**Problem to work on**
In the material below, begin at the line that has "sabian aa sound control crash cymbal 14 in.", stop after the line that has "BoxBoxBoy! - recenzja gry", and transcribe those lines exactly, without pictures.

--- Supplied entries Enclosed Below ---

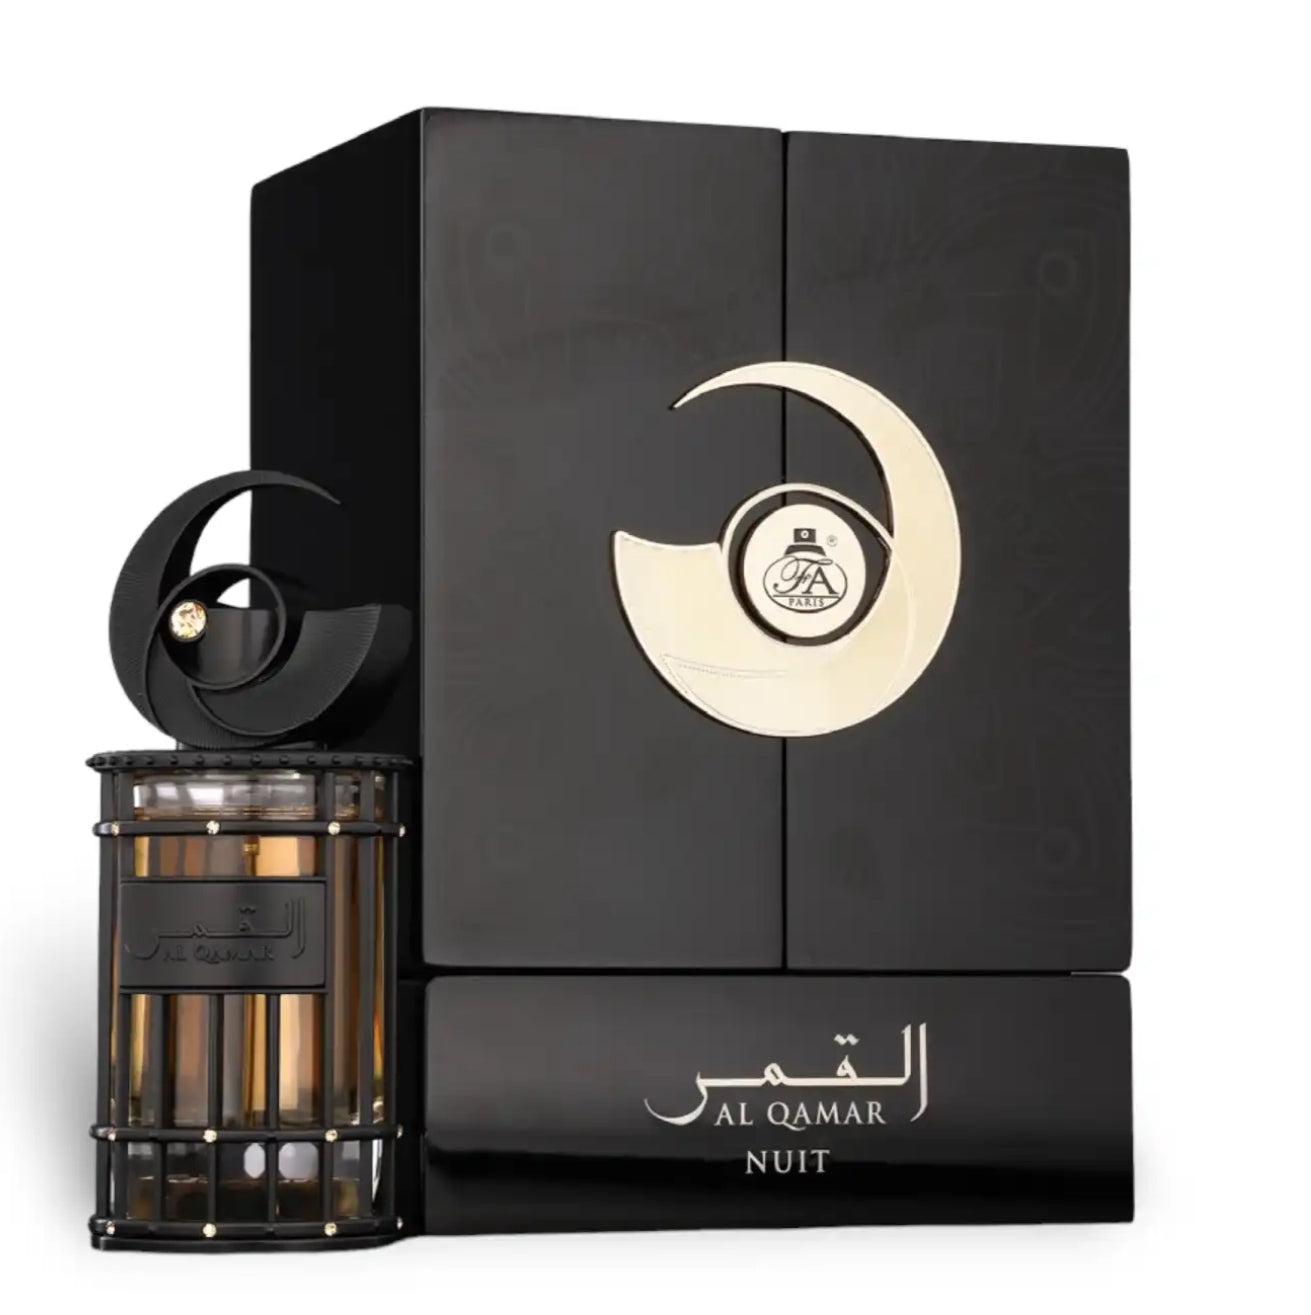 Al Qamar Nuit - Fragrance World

--- End of Enclosed Supplied entries ---
--- Supplied entries Enclosed Below ---

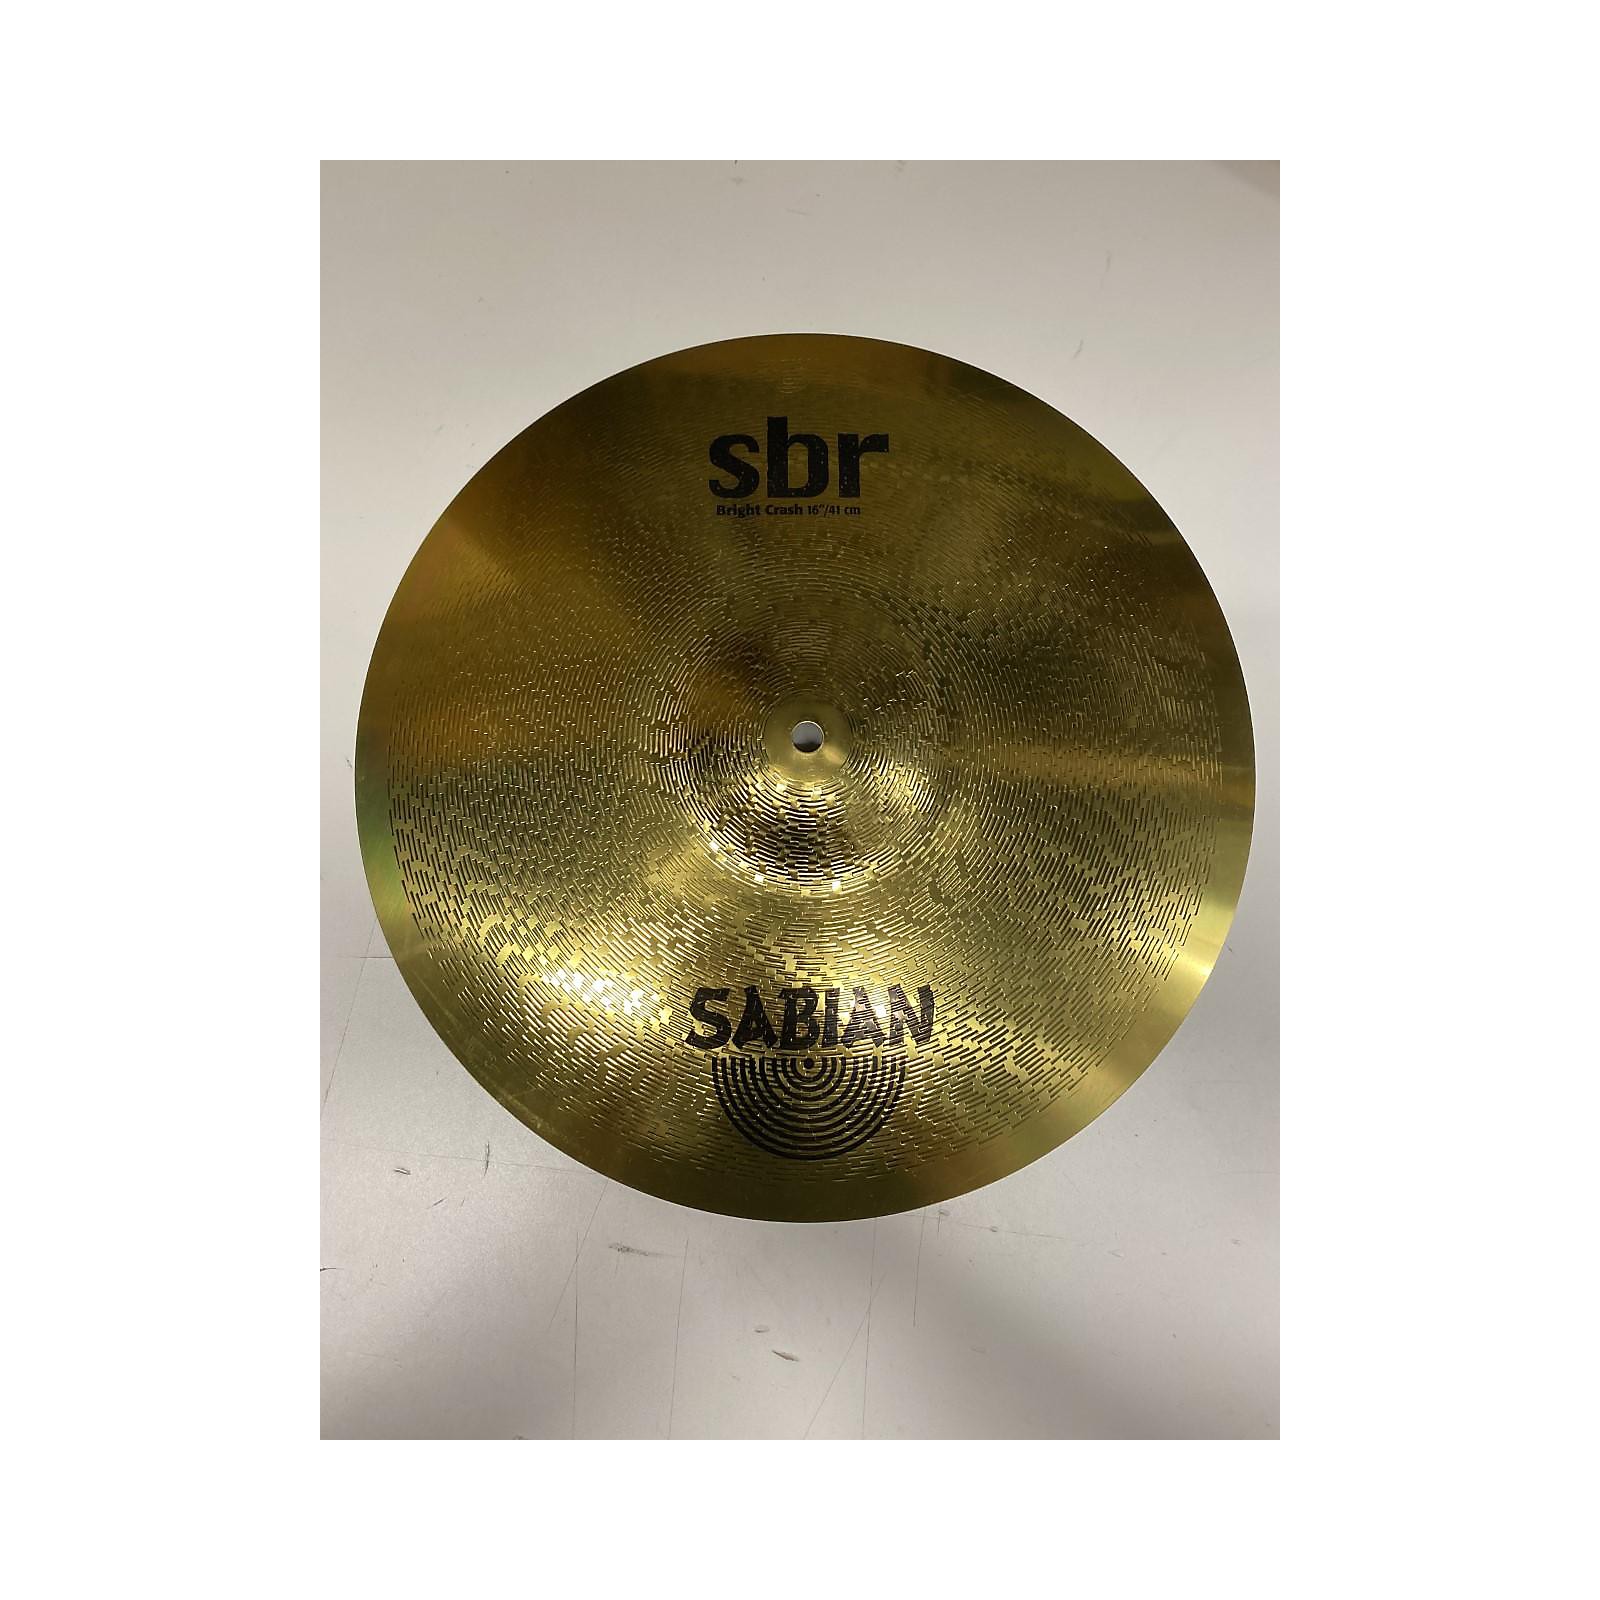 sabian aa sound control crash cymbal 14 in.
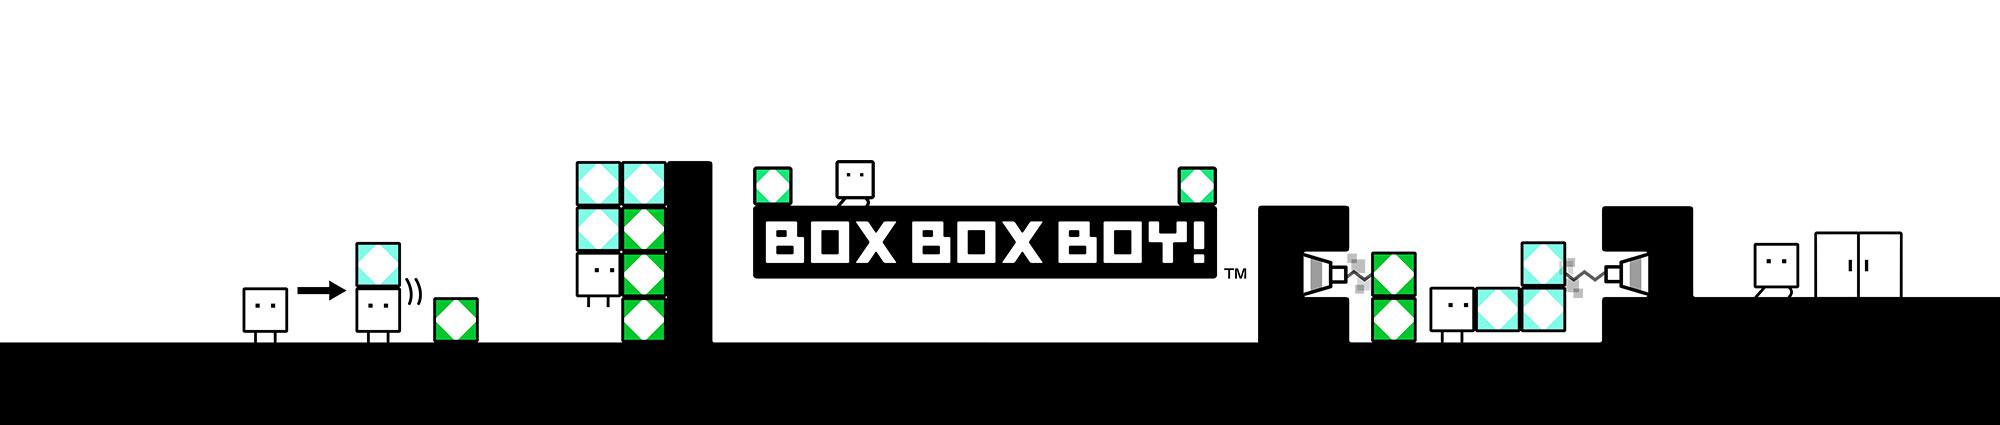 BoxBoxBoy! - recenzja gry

--- End of Enclosed Supplied entries ---
--- Supplied entries Enclosed Below ---

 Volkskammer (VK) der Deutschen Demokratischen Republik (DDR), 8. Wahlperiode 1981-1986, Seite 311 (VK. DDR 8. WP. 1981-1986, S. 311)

--- End of Enclosed Supplied entries ---

**Solution to this problem**
 sabian aa sound control crash cymbal 14 in.
 BoxBoxBoy! - recenzja gry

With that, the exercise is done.